“In Search of Palestine – Edward Said’s Return Home.” BBC films, 1998.

 

Said’s film shares the central concern of Salman Abu Sitta’s talk of February 6th- the longing to return to a home one was forced to flee from and the sense of burning injustice at being prevented from doing so. It extends and exemplifies what he wrote in a piece for The London Review of Books in February 1984, “Permission to Narrate”, written after the 1982 Israeli invasion of Lebanon and complicity in the Sabra and Chatila massacres and also a title that sums up the refusal of the so-called Free World to allow the Palestinian narrative to be heard.

In this fifty-minute film made in 1998 – fifty years after the Nakba – there is no mention of the JNF as such, but its shadow falls over many of the issues discussed by Said and the activities it is still practising are seen to have been present then. It’s an emotional film, starting in the school where his grandfather had played cricket and finishing with Said, looking at the ground, shaking his head in bewildered disbelief.

He deals with the issues of land seizure and ownership, of the impossibility of Palestinian building permits, of the tragedy of Oslo and its hopelessly defeatist division of the West Bank, at a time when these issues were even more ignored in the world outside than they are now.

He stands outside what was his family’s home in Jerusalem, film of the present intercut with pictures of his family members in the garden. His father and grandfather had been born there, his mother hailing from Nazareth, but the family was forced to flee in 1947 and a Jewish family had taken it over.
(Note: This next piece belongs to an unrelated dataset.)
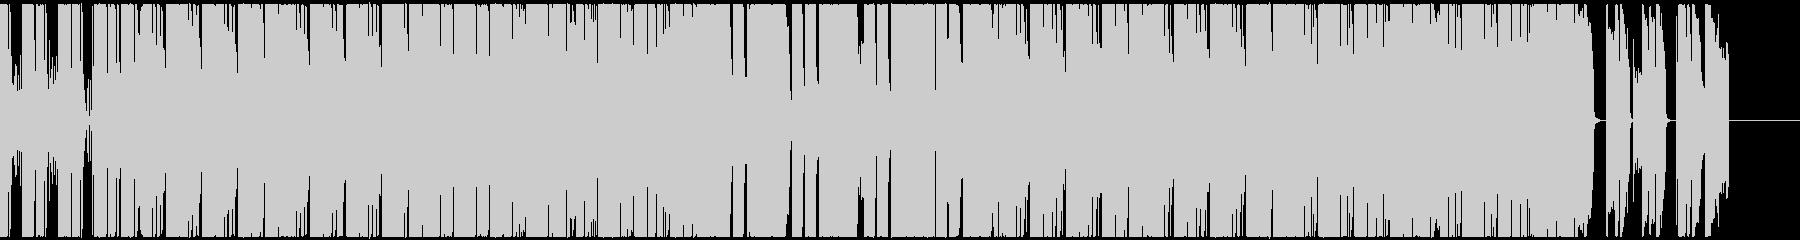 ポップで鮮やかなファンクエレクトロの未再生の波形

Said just mutters the word “unfair” to describe this; his American-born son, accompanying him, wonders why they can’t get it back. This question goes unanswered.

Immediately one thinks of the Sumarin family, currently fighting to retain their property in Silwan, trying to resist being driven out, being hounded by the JNF surrogate Himnuta and the Abramovich-funded Elad Settler movement.

Said visits Deir Yassin and speaks to a woman who had 25 members of her family killed in the village by a Jewish militia in April 1948. A youthful Ilan Pappé, interviewed, confirms that historians could now show that Palestinians had left their villages because they had not the means to defend them against such massacres and not because the Arab countries had told them to, a myth that at the time of the making of the film had only recently been rebutted.

In snatches of conversation with another Palestinian who had left for the USA, Ibrahim Abul Linghod, Said recounts how the Israeli victory in June 1967 had been a shattering blow to those who had felt that they were just waiting to return to their rightful homes and land and saw in the defeat, a crushing blow to these hopes. He had also been shocked by the racism of the US media in their coverage of the “war”, so much so that he wrote “The Arab Portrayed” to counter it. Other conversations with figures like Mahmoud Darwish and Daniel Barenboim give to the film a cultural element not often found, though the most radical of his interlocutors is Israel Shahak who refers to “annexation, apartheid and stolen land”. He also sums up the Oslo Accords as part of the process of joining the Palestinian Authority to the Israeli Government as parts of the same system.

These criticisms have become commonplace now, but I don’t believe that they were then, just five years after the documents were signed. The choice of “apartheid” as the word that best sums up the social situation between the river and the sea, alongside the pithy and cogent definition of this as “demographic separation without sovereignty” showed Shahak to have been as clear-sighted as he was fearless.

In a talk to a Palestinian audience during the visit, Said spells out his prescription: mass mobilisation for non-violent resistance. Palestinians could not prevail in an armed struggle, even if they could procure the arms, but they did not have to “construct failure” he asserted, in a memorable phrase.

In a discussion with a number of young Palestinian citizens of Israel, he hears them say that they have no intention of leaving what, post-1948, is known as Israel but they are not going to accept second-class citizenship either.

By this time, 1998, Said knew that he was suffering from an incurable leukaemia and probably had only a few years to live. For him, the film was overwhelmingly saddening; the Palestinians were utterly defenceless, had no voice, no hope of just treatment. At times, his own voice trails away and he seems close to tears, as if lost for words. There is a sense of a simple, strong, humanity when he appeals to individual IDF soldiers to think about what they are doing. And, in 1998, all this is before the “Separation Wall”, the endless checkpoints that his journey then was not subject to, the Nation State Law that spells out to Palestinian citizens of Israel that they are, indeed and de jure, second-class citizens, the moving of the US embassy to Jerusalem in defiance of International Law, and so on.

For us now, looking back the twenty-three years since the making of the film, the issues are the same. We are bringing them out into the open in our campaign to stop the JNF: the charity for ethnic cleansing, for a faux environmentalism to obscure and hide numerous crime scenes. Its “charitable” status in the UK is a mockery of what the word is supposed to mean.

Thanks to Said and many others, the Palestinians do have a voice, both their own and through their worldwide support. The tide is turning.